This is the fourth blog related to the use of presidential executive orders in lieu of actual legislation as it relates to federal labor-management (L-M) relations. The first blog discussed the historical use of the executive order. The second blog discussed the challenges caused by the use of the executive order as it relates to official time. The third blog focused on the changing scope of bargaining and the uncertainty it creates.
After Clinton’s and Obama’s executive orders, which expanded the scope of bargaining, many in management felt that the unions were given too much power, and as a result fought for concessions that they had not been able to get. Some that are aligned with the union’s perspective report that any attempt to reorganize in the attempt to increase quality will fail unless the employees have an equal input into the decision-making process. They further argue that the traditional L-M relationships that exist in which there is an adversarial relationship is not well-suited to change the culture because managers are reluctant to give up control.
A labor law attorney that serves in the U.S. Air Force, Major Richard Johnson, acknowledged that the concept of L-M partnership only works when both management and union are after the same things. When the goals are misaligned, conflict occurs. Depending on the attitudes involved, conflicting interests may result in an uncompromising position. Uncompromising positions typically lead to stalemate unless the matter is simply “impact and implementation” bargaining. If the matter is limited to impact and implementation, management can move forward, but the union may put up roadblocks to slow it down.
Since L-M relations are often motivated by different priorities, there is bound to be conflict. Perhaps one of the problems is that union representatives are expected to “fight the good fight.” Rightly or wrongly, union representatives were historically evaluated by their constituents by the number of ULPs, grievances, and demands to bargain that they filed (Tobias, 2004, 28). It was not important if the ULP or grievance was successful, just whether and how many were filed.
Managers dislike having to defend themselves from ULPs, whether there is merit to the complaint or not. In fact, it is one reason that relationships between unions and management are as antagonistic as they are. One manager that I worked for reported to our union counterpart, “It’s hard to develop a good relationship when you keep filing frivolous actions against me.”
In all of my dealings with my union colleagues, I have found that there will be disagreements, but there should also be trust. Making promises that one knows cannot be kept will not only hurt one’s credibility, but it will devastate trust. Trust and credibility are essential for any L-M partnership. At times, parties make promises that were made in good faith, but due to circumstances beyond their control, the agreement had to be cancelled. Trust and credibility over the life of the relationship can help weather the storms when things must be modified due to situations beyond one’s control.
Any time there are two parties trying to reach agreement on something, there will eventually be conflict. Having temporary political interference, such as partnerships and forums – or cancelling them at a whim, will not stop the inevitable conflict, but only intensify it.

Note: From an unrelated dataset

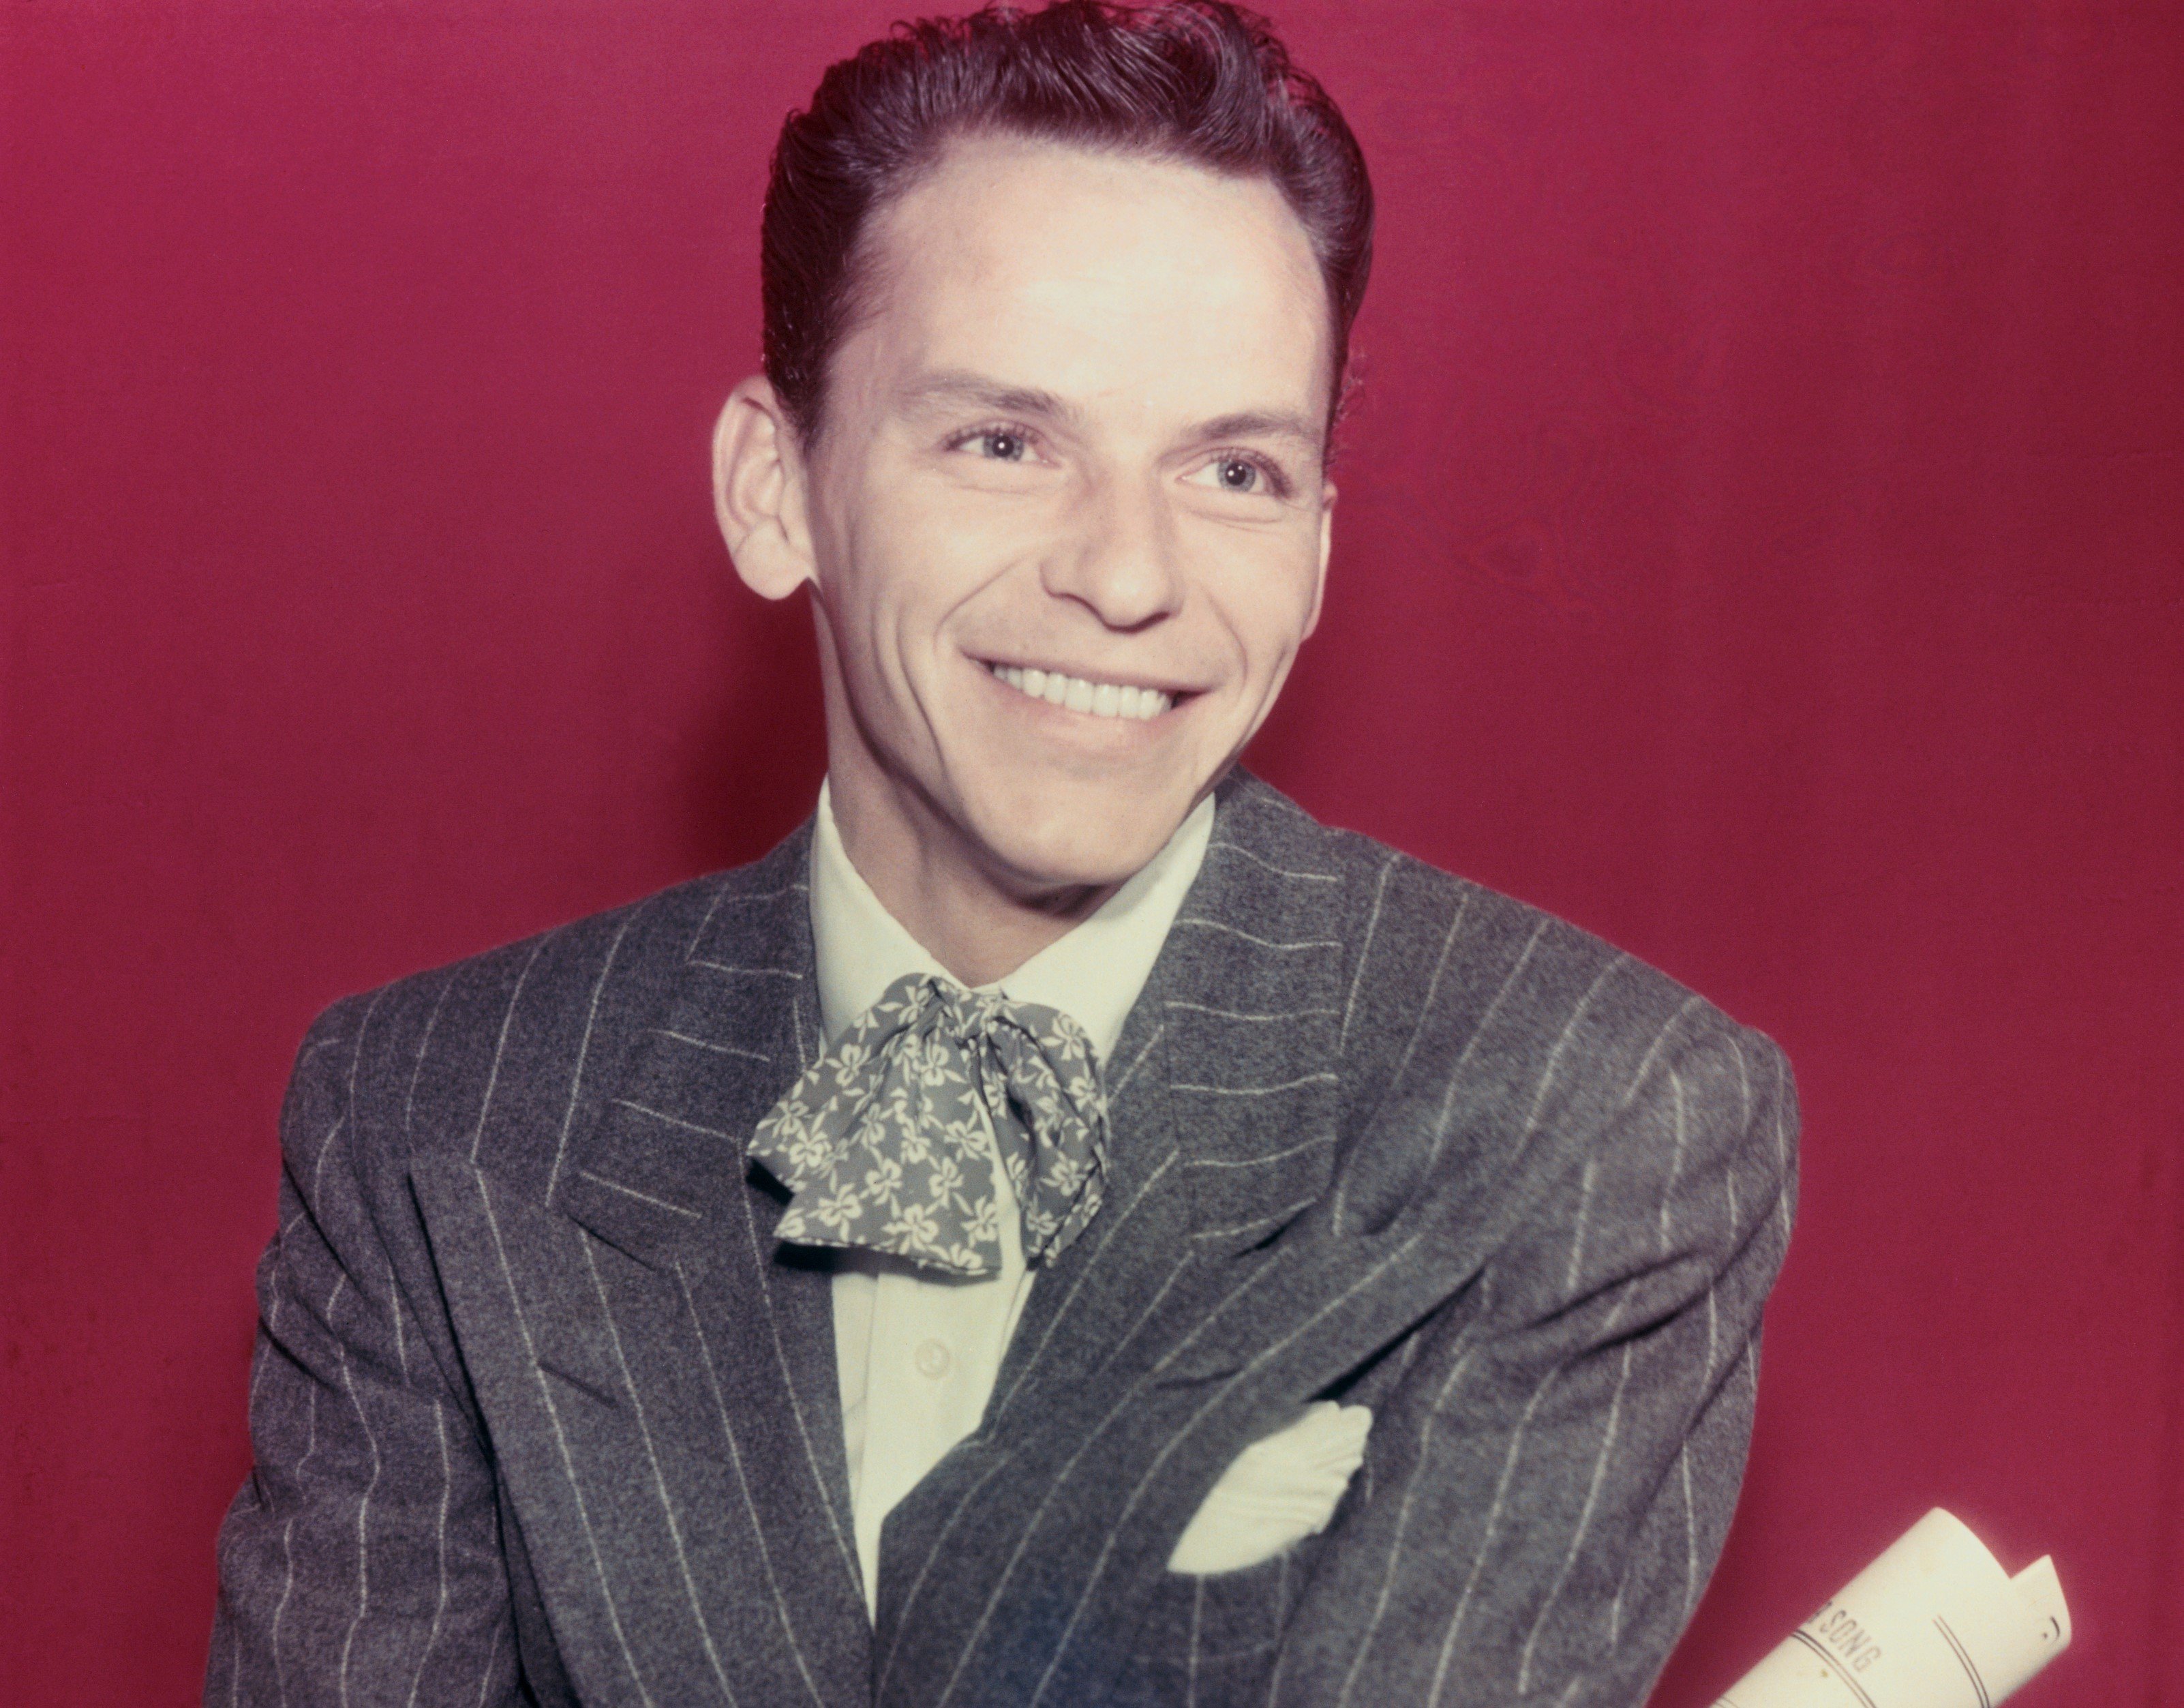 Frank Sinatra wears a gray suit and holds a rolled up paper. He sits against a maroon background.

The federal government has an opportunity before it. It can either do what is necessary to improve federal L-M relations by implementing legislation that provides consistency or it can continue to watch as our presidents swing the pendulum in the favored direction. W. J. Usery, a former Secretary of Labor, insisted that, “[w]e cannot afford to regress down the path of protracted labor-management conflict. Nor can we afford indecision regarding critical issues which demand attention. We must choose, instead, to travel the road of enlightened cooperation between business and labor, each depending on the other.” While the use of executive orders is an important part of the running of the country, changes to the labor-management dynamic should be legislated, and not a subject of an executive order.
The field of federal labor-management relations has multiple perspectives, including a pro-union and a pro-management perspective. It is understood that politicians want to make changes to the processes that are used in federal L-M; however, in order to best conduct the business of the agency, there must be consistency. As presidents come into office and change scope of bargaining and official time to suit their interests, what is left behind is disruption, since the next president will likely change the processes to meet his interests. In order to effectively manage the government’s operations, consistency is important. That consistency can be established by creating legislation, not by executive orders. For that reason, I believe that changes to federal L-M issues should be legislated, not the subject of an executive order. This isn’t to say that the president should be prohibited from having an impact on federal L-M, but that Congress should take action to implement a law that is fair, which would provide the consistency needed. Far too often, individual personalities get in the way of negotiating changes in a timely manner. As a chief negotiator, I was often
stonewalled by a union representative who was opposed to the intended change for personal reasons. Though it is possible to push through to completion, there is usually enough of a roadblock to delay implementation in significant ways.
Realizing that presidents will likely continue to be involved in federal L-M relations, it is imperative that managers and unions work together to build trust. Trust will form the basis for mutual cooperation and allow the relationship to weather the storms caused by executive orders. Even if Congress and the president cooperate and enact legislation impacting federal L-M relations, trust, respect, and mutual cooperation are important considerations to build and maintain effective relationships.